◆ Input data
---+---
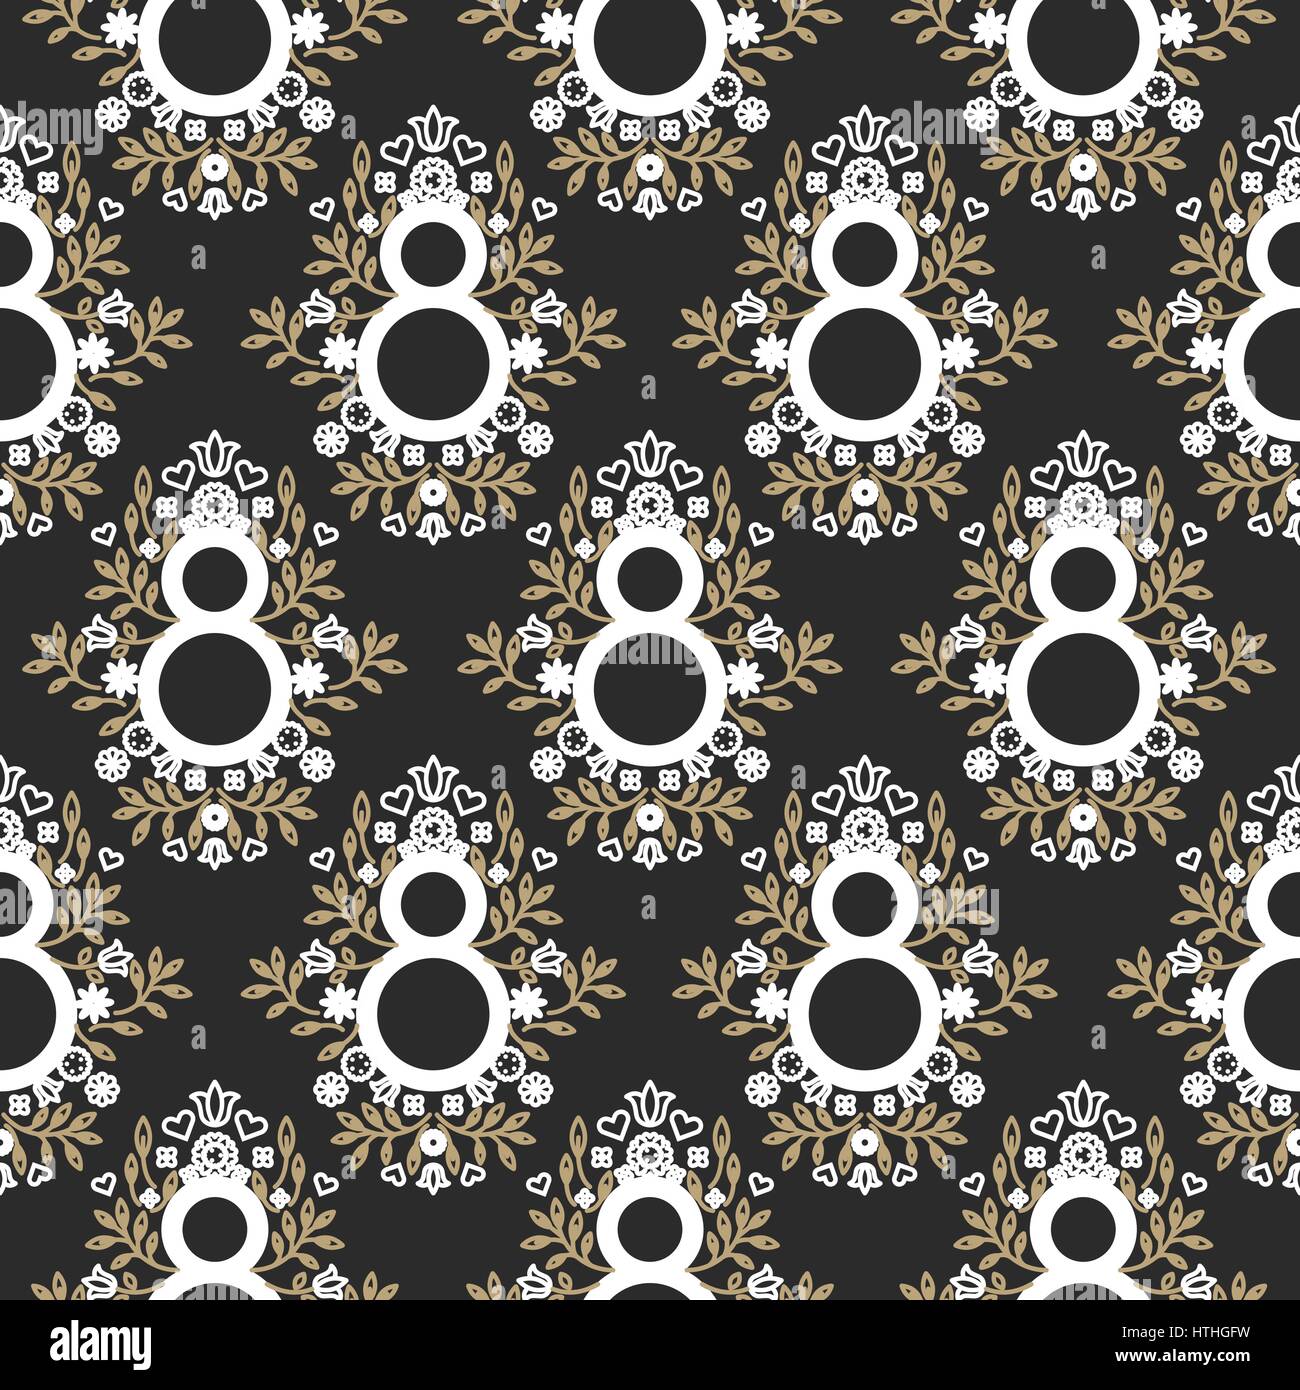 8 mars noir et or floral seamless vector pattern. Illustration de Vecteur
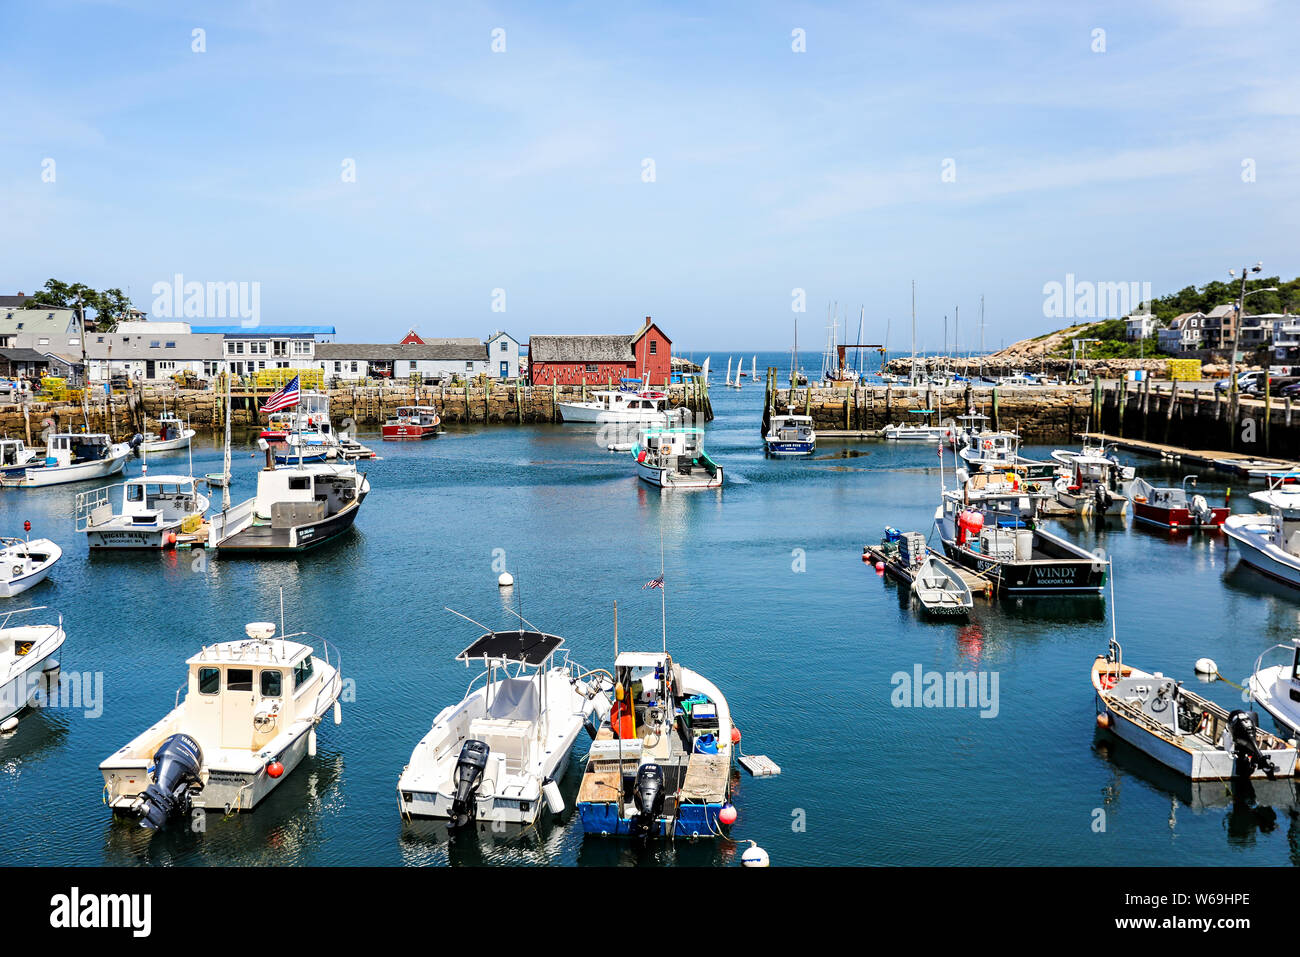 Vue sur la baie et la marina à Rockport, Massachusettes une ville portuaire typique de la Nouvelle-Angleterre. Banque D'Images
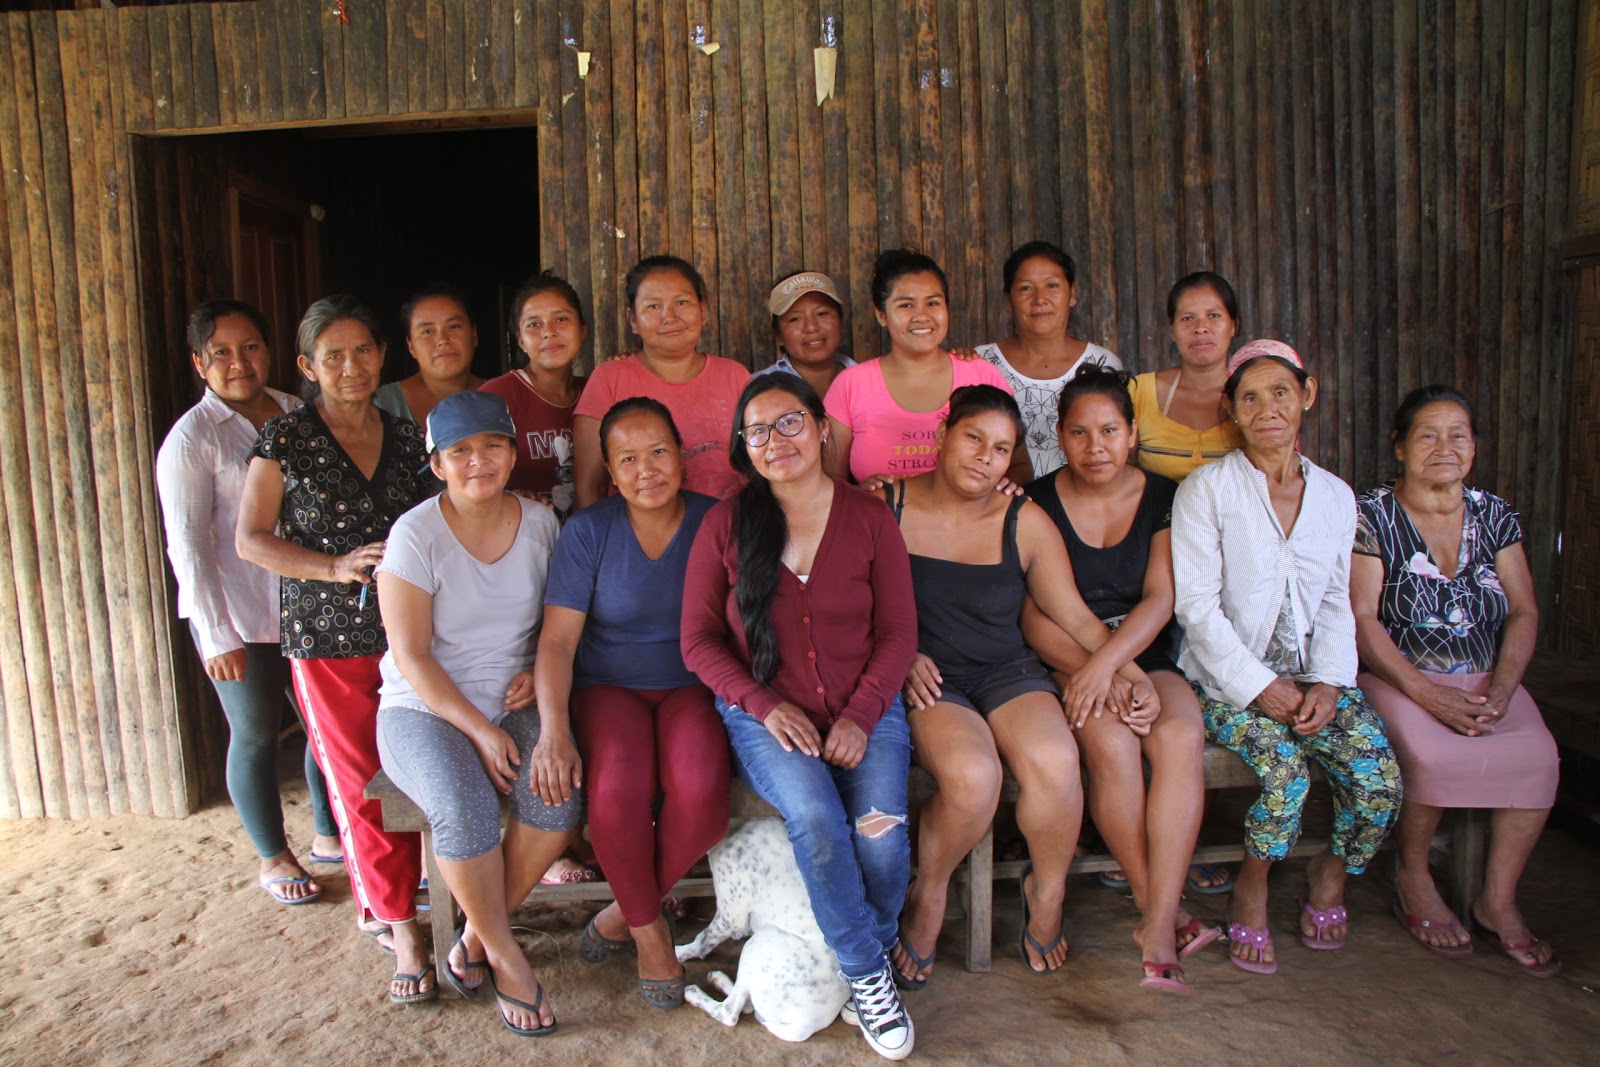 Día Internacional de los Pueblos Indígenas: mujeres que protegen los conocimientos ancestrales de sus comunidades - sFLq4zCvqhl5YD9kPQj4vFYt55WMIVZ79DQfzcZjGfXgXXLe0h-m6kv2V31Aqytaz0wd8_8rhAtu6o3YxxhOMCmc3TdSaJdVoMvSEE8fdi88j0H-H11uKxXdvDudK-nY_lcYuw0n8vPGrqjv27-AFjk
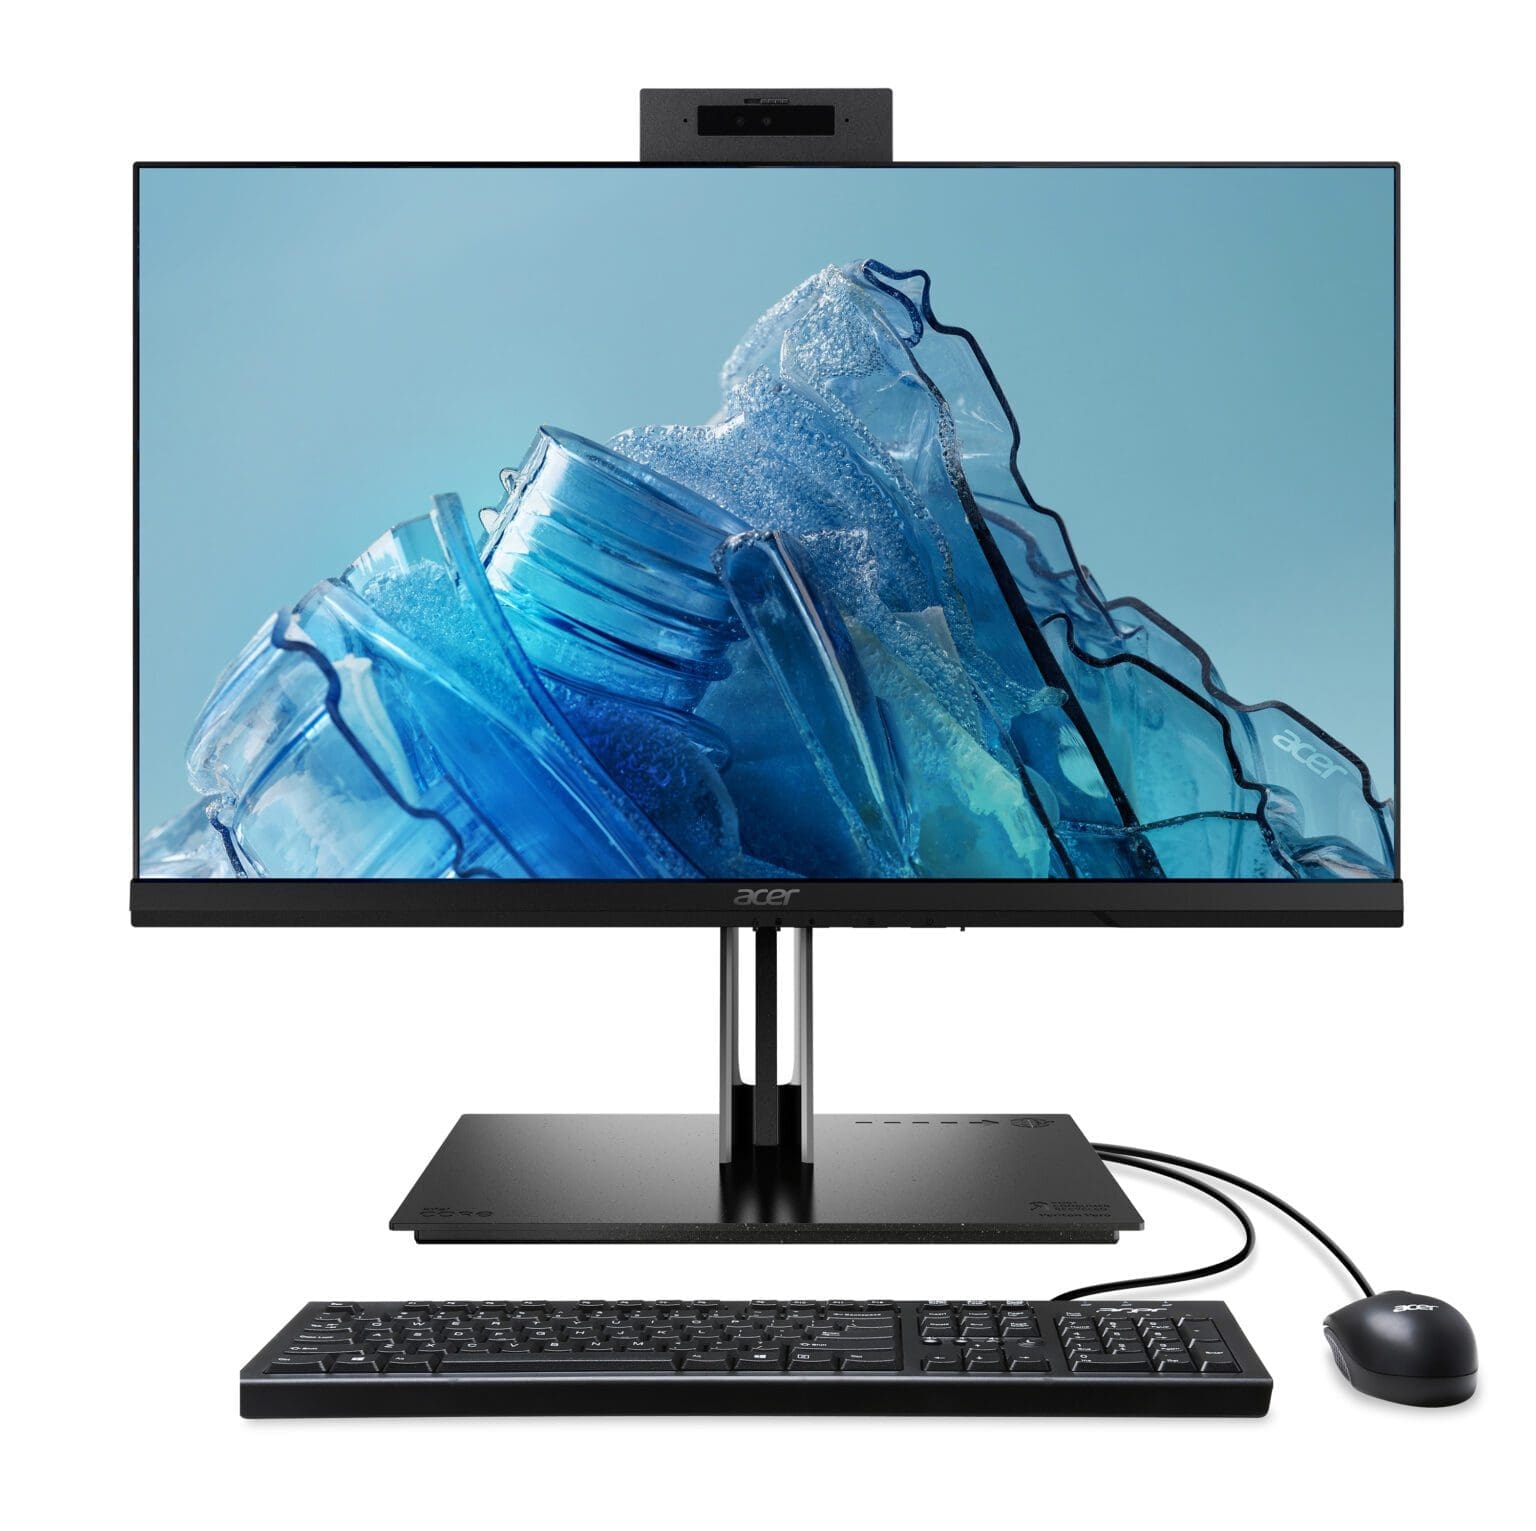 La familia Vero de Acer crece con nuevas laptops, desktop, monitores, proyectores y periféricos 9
---+---
◆ Instructions for the task
Copy everything in the listing above exactly except the pictures.

◆ Reply
 8 mars noir et or floral seamless vector pattern. Illustration de Vecteur
 Vue sur la baie et la marina à Rockport, Massachusettes une ville portuaire typique de la Nouvelle-Angleterre. Banque D'Images
 Día Internacional de los Pueblos Indígenas: mujeres que protegen los conocimientos ancestrales de sus comunidades - sFLq4zCvqhl5YD9kPQj4vFYt55WMIVZ79DQfzcZjGfXgXXLe0h-m6kv2V31Aqytaz0wd8_8rhAtu6o3YxxhOMCmc3TdSaJdVoMvSEE8fdi88j0H-H11uKxXdvDudK-nY_lcYuw0n8vPGrqjv27-AFjk
 La familia Vero de Acer crece con nuevas laptops, desktop, monitores, proyectores y periféricos 9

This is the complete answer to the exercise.